- Born: 3 December 1895
- Died: 29 March 1971 (aged 75) Hove, Sussex
- Occupation: Public administrator
- Spouse: Rosemary Staunton ​ ​(m. 1936; died 1971)​
- Parent(s): Henry Matthew Julian Elizabeth Isabella (née McKay)
- Honours: CBE (1950) Knight Bachelor (1958)

= Ivor Julian =

English public administrator

Sir Kenneth Ivor Julian, CBE (3 December 1895 – 29 March 1971), known by his middle name Ivor, was an English public administrator.

== Early life and family ==
Julian was born on 3 December 1895 to Henry Matthew Julian and his wife, Elizabeth Isabella, née McKay. He was educated in Redhill.

== Career, honours and assessment ==
Julian served on the board of the Royal Sussex County Hospital in Brighton, and became chairman of the board in 1946, serving for two years. In 1946, in anticipation of the establishment of the National Health Service, the Minister of Health Aneurin Bevan appointed him chairman of the South-East Metropolitan Regional Hospital Board and he remained in the post until 1968; when liaising with the ministry, he was selected to represent all the chairmen of the regional hospital boards in England and Wales. He was also a governor of Guy's Hospital, and was appointed a Commander of the Order of the British Empire (CBE) in 1950 and a Knight Bachelor eight years later.

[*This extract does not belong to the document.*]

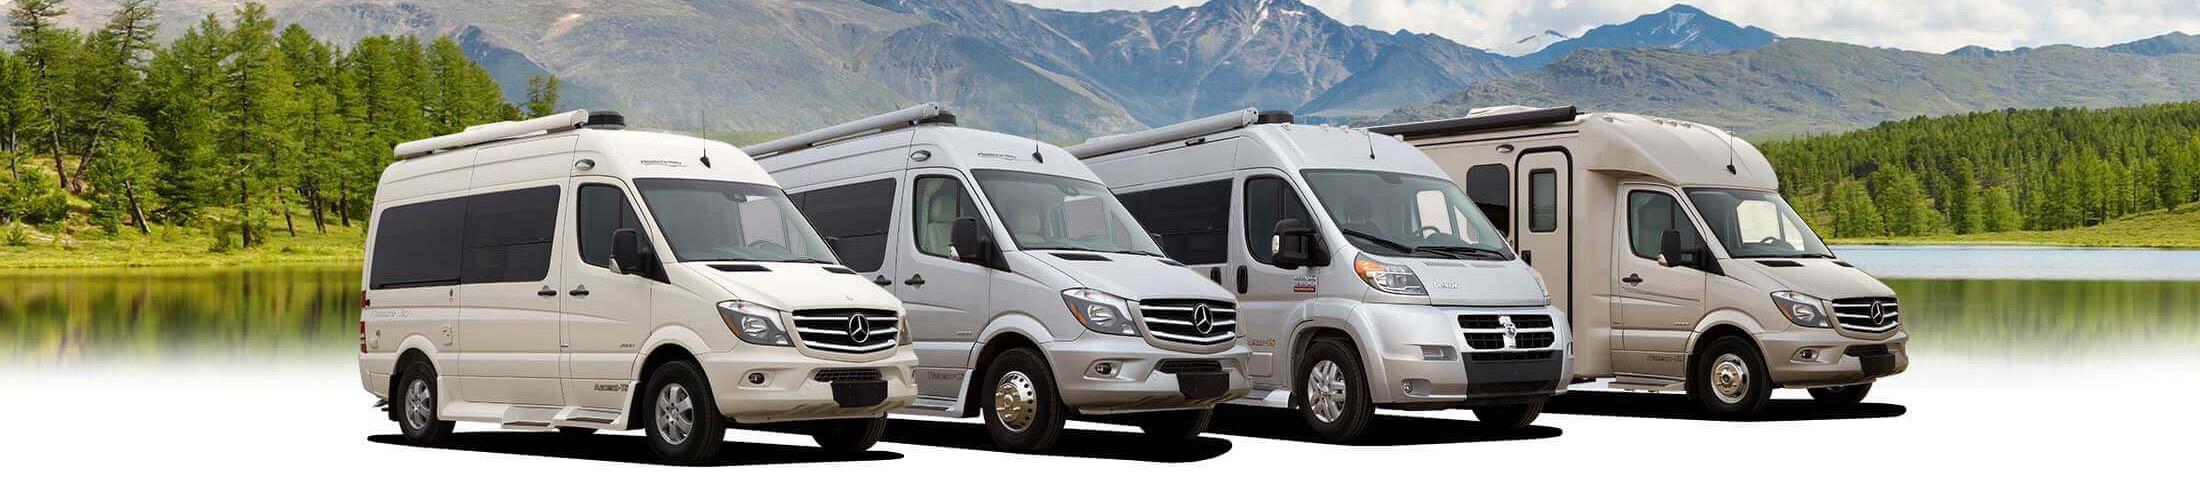 Camper Vans and Class B Motorhomes
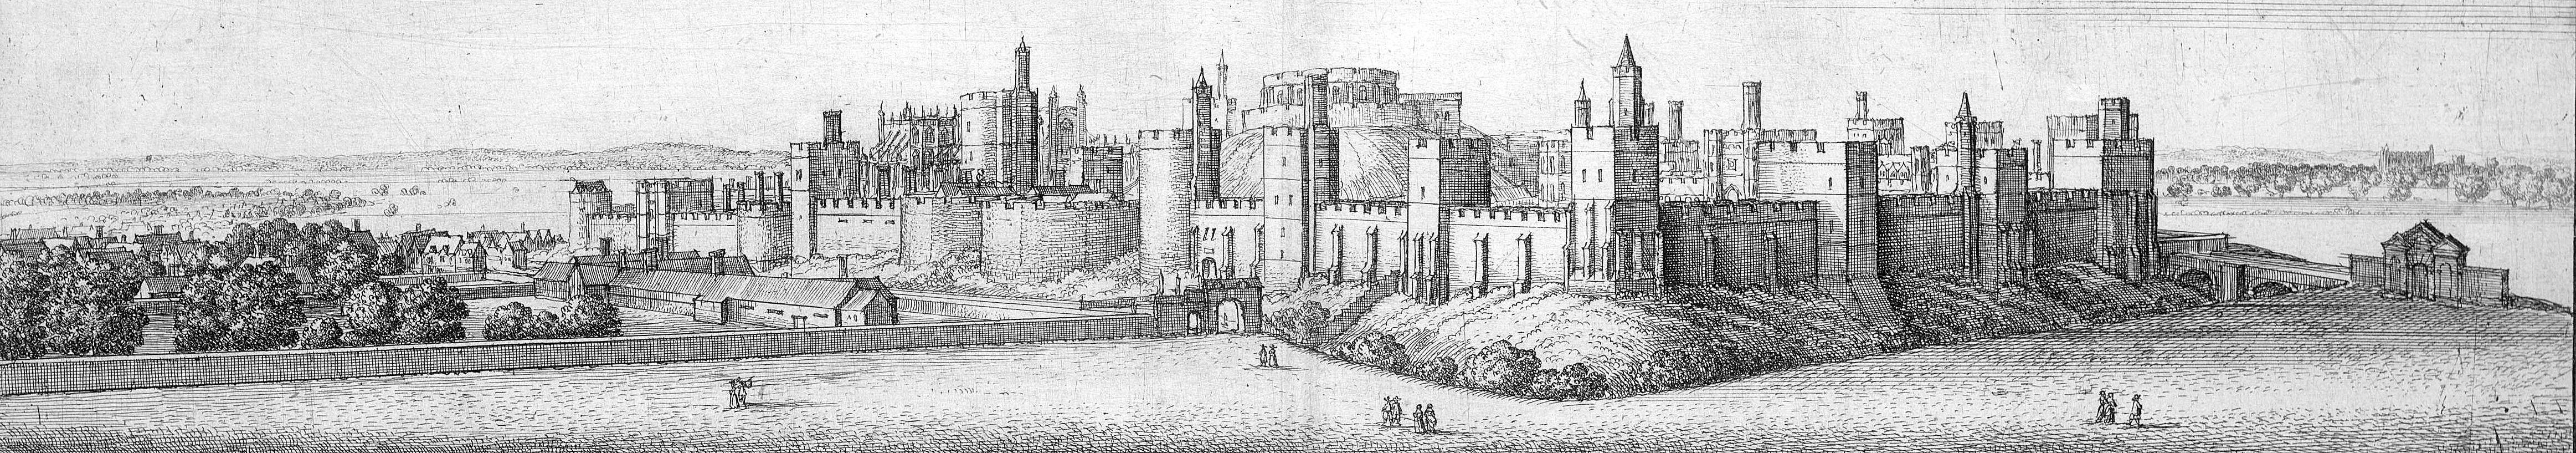 Windsor Castle Familypedia

Julian died on 29 March 1971, aged 75 at Hove in Sussex, after a long illness. His wife Rosemary Staunton, daughter of Charles Edgar Terry, had died earlier in 1971; they had been married since 1936, but never had children. In his obituary, The Times recorded that Julian "did more for the development of hospitals in this country, and did it with less publicity, than almost anyone else in the last 25 years ... his wisdom, energy and practical good sense, given without reward, contributed decisively to the enormous progress made during those years".